======== Source data ========

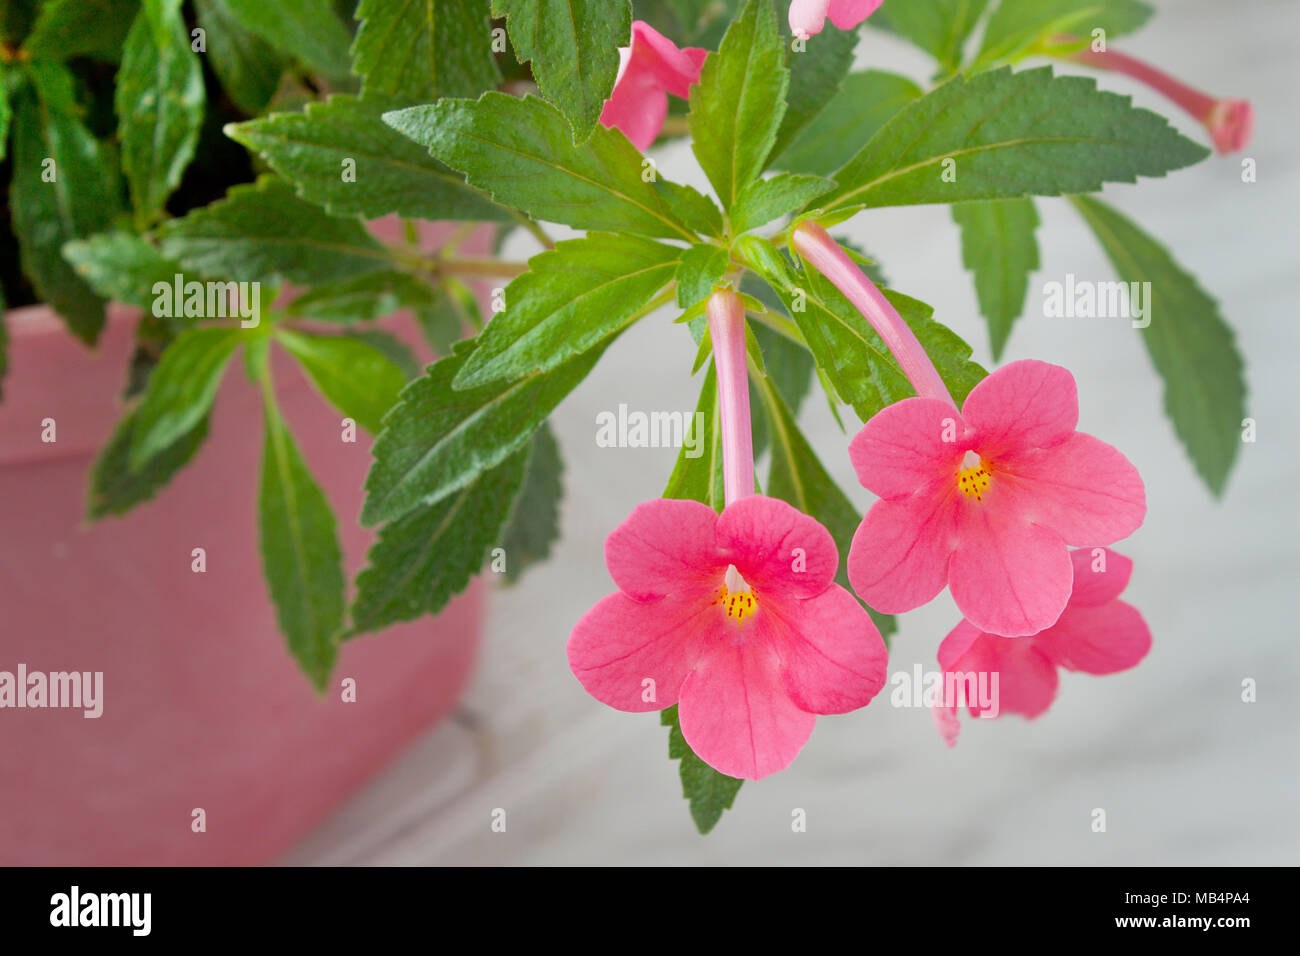 Two beautiful  pink flowers home plants (Achimenes) Stock Photo
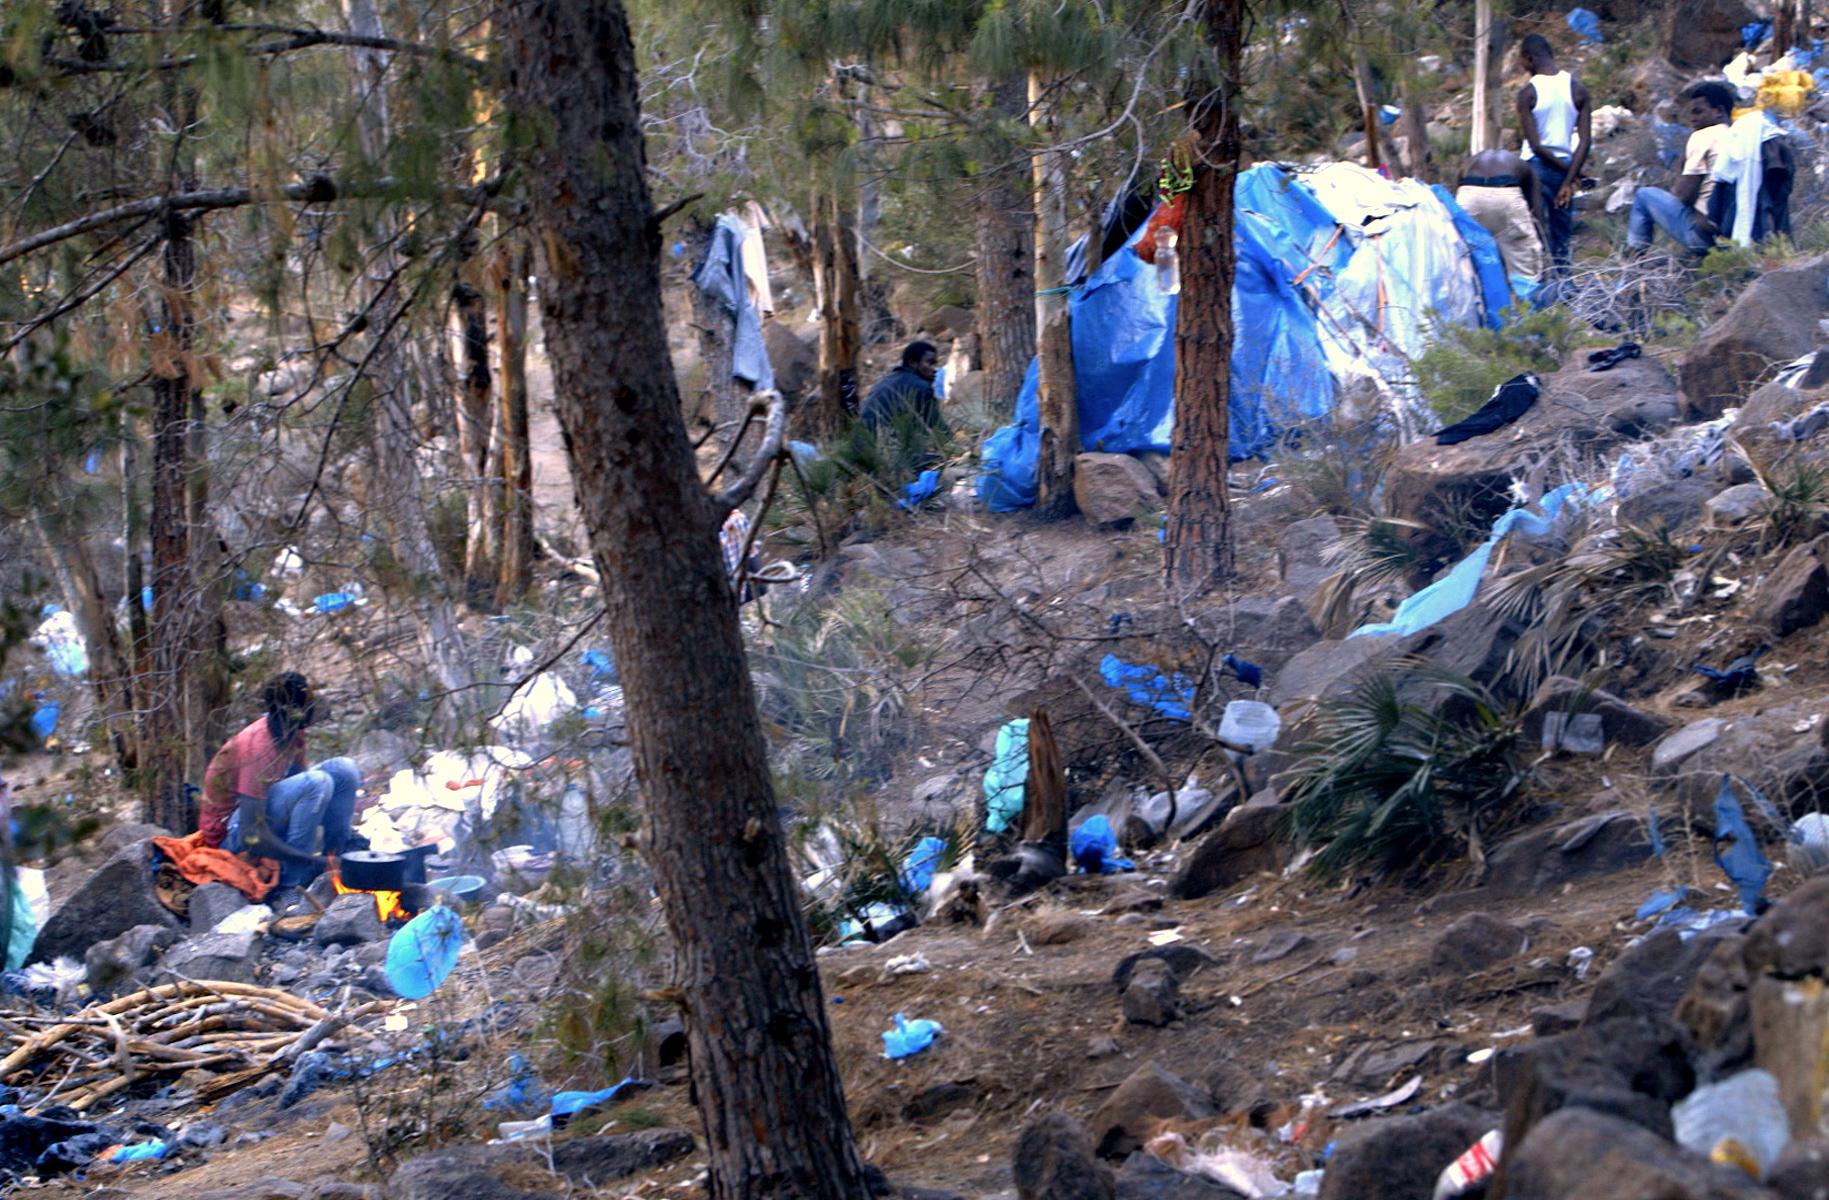 Moroccan migrant camp
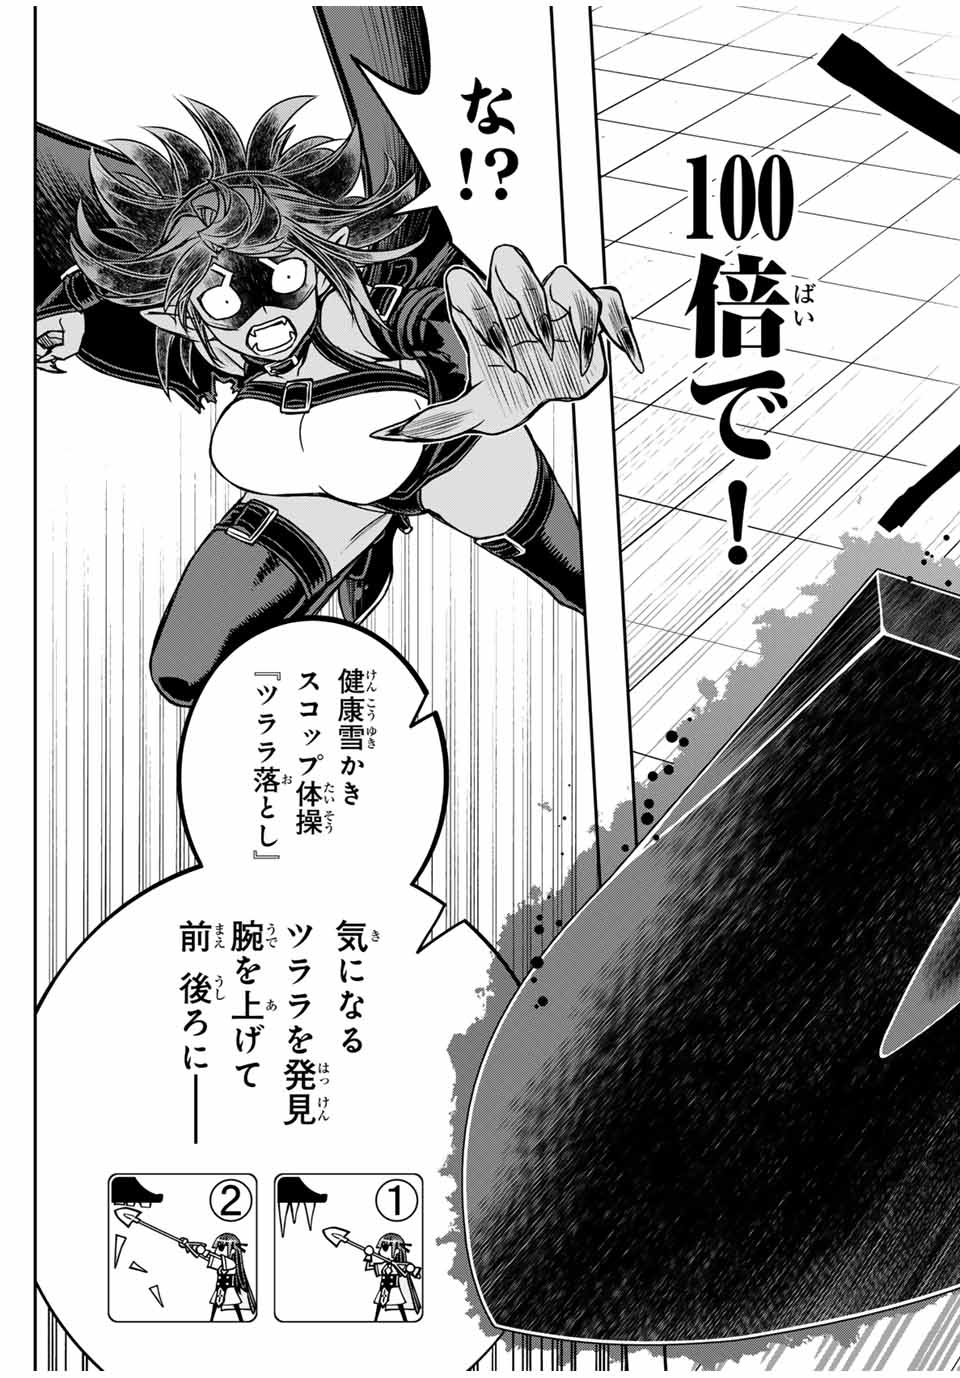 Nengan no Akuyaku Reijou (Last Boss) no Karada wo Teniiretazo!  - Chapter 27 - Page 11

========

## Instructions for the task:
Give back the material word for word and drop the pictures it holds.

## Task result:
 Two beautiful  pink flowers home plants (Achimenes) Stock Photo
 Moroccan migrant camp
 Nengan no Akuyaku Reijou (Last Boss) no Karada wo Teniiretazo!  - Chapter 27 - Page 11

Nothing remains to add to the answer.